Tag Archives: PhD

Fulfilling a temptation or living a dream

Yesterday, I attended my refresher course on operations research for my PhD to revive my old mathematical skills on vectors and matrices which I remember taking from as far back in the 90s. After all the weird things that have been happening in my life, I guess I have to change the language I am using to describe my situation. Temptation should no longer be used, what I want to achieve is not sinful in fact it is something truly good for me. It had pushed away people that I thought genuinely loved me and supported me but their demons have showed up and how they had manifested themselves as the constraint and the problem that has sabotaged my progress for the past 20 years.

The professor asked us what we had for lunch and I have gathered adequate evidence from my camera phone that I ate kimchi rice with spam and egg topped with sheets of nori and roasted sesame seeds with a lemonade. I was very detailed in my description and the professor commended me for the attention to detail which is essential for operations research. I believe everyone now agrees that this is my truth and I have evidence to demonstrate what I truly ate for lunch yesterday.

The last coursework I took on toxicology was in 2019 and everything feels refreshing and revitalizing that I am back in class again post COVID-19 pandemic. If this is living your temptation why does it feel genuinely good and blessed? There were years in my life when I was living in sin yet I gaslighted myself into believing it was a blessing. The truth will eventually come out and the truth shall set you free.

The Academic Temptation

Image

I am currently being tempted to apply for a PhD Scholarship, I know the rejection feels really really bad and it hurts so much, but I am so tempted to dive back into it.  I have been rejected due to over qualification, they feel my current affiliation with a big time testing, inspection and certification firm does not make me eligible for financial assistance, as if my current salary could pay their big time doctorate tuition fees.  I’m from a developing country, I couldn’t afford that.

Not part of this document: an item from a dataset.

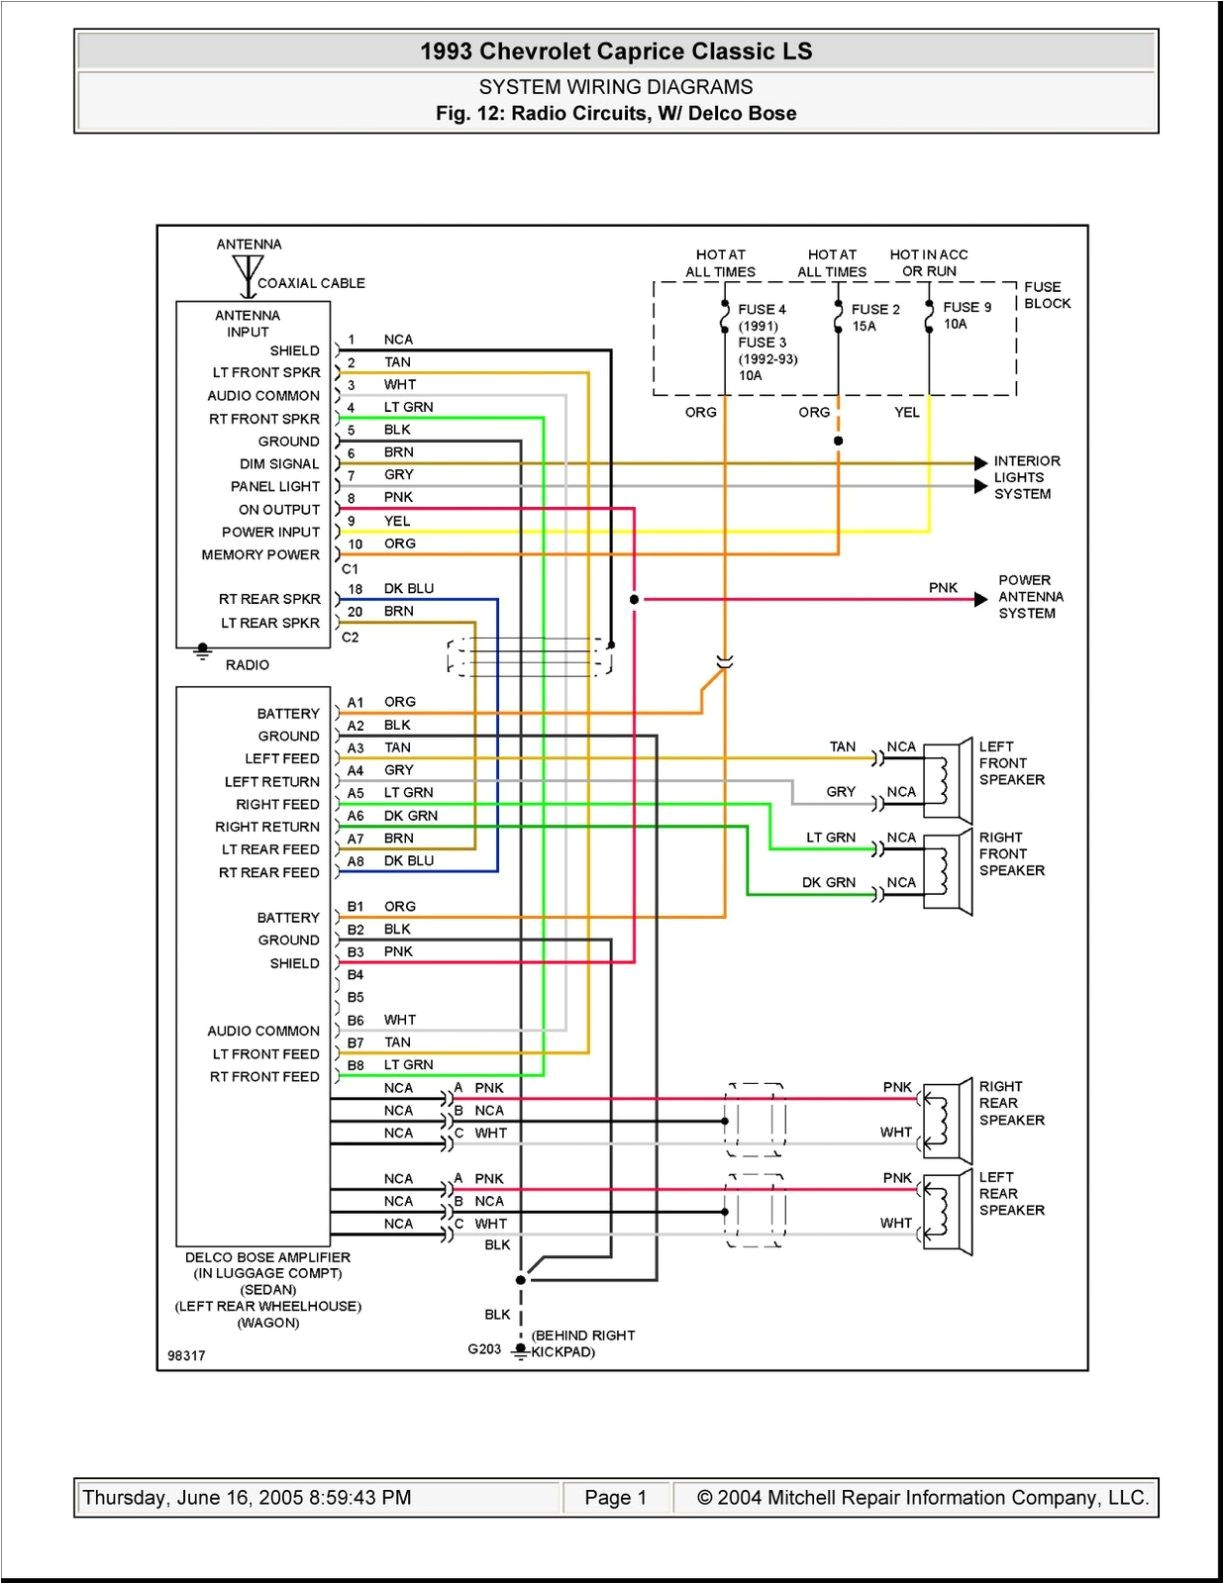 audi bose wiring diagram wiring diagram expert audi bose wiring diagram audi bose wiring diagram

Mentioning the word Big Time twice, that is another challenge…time, I haven’t got much of a time to get a PhD locally, I already have a kid in tow who is starting to go into puberty, being a mommy posts a part-time doctorate disaster…

It is almost September 2013 and this is when scholarship announcements for the next school year just flies in to my inbox. I have subscribed for such announcements just in case one institution may be kind enough to offer me a position in their research program with an add on for a studentship.

Oh well, I already had my masters six years ago and that seems ages…or is it the frustration of not having my GHG qualification yet….still EPt(GHG) attached to my name.  It is really tempting to get more education because I feel I am not learning anything new anymore.

Though feeling some sense of financial stability at the moment, it still scares me what lies ahead. I feel so mediocre in my current assignments as if I am not moving forward with confidence.  That sounds familiar. Why do I have wind turbines in this post anyway?

Maybe having those wind turbines means that’s what I have to look forward to. Is it me, is it my office or there really is something wrong with my country because nothing is just moving forward.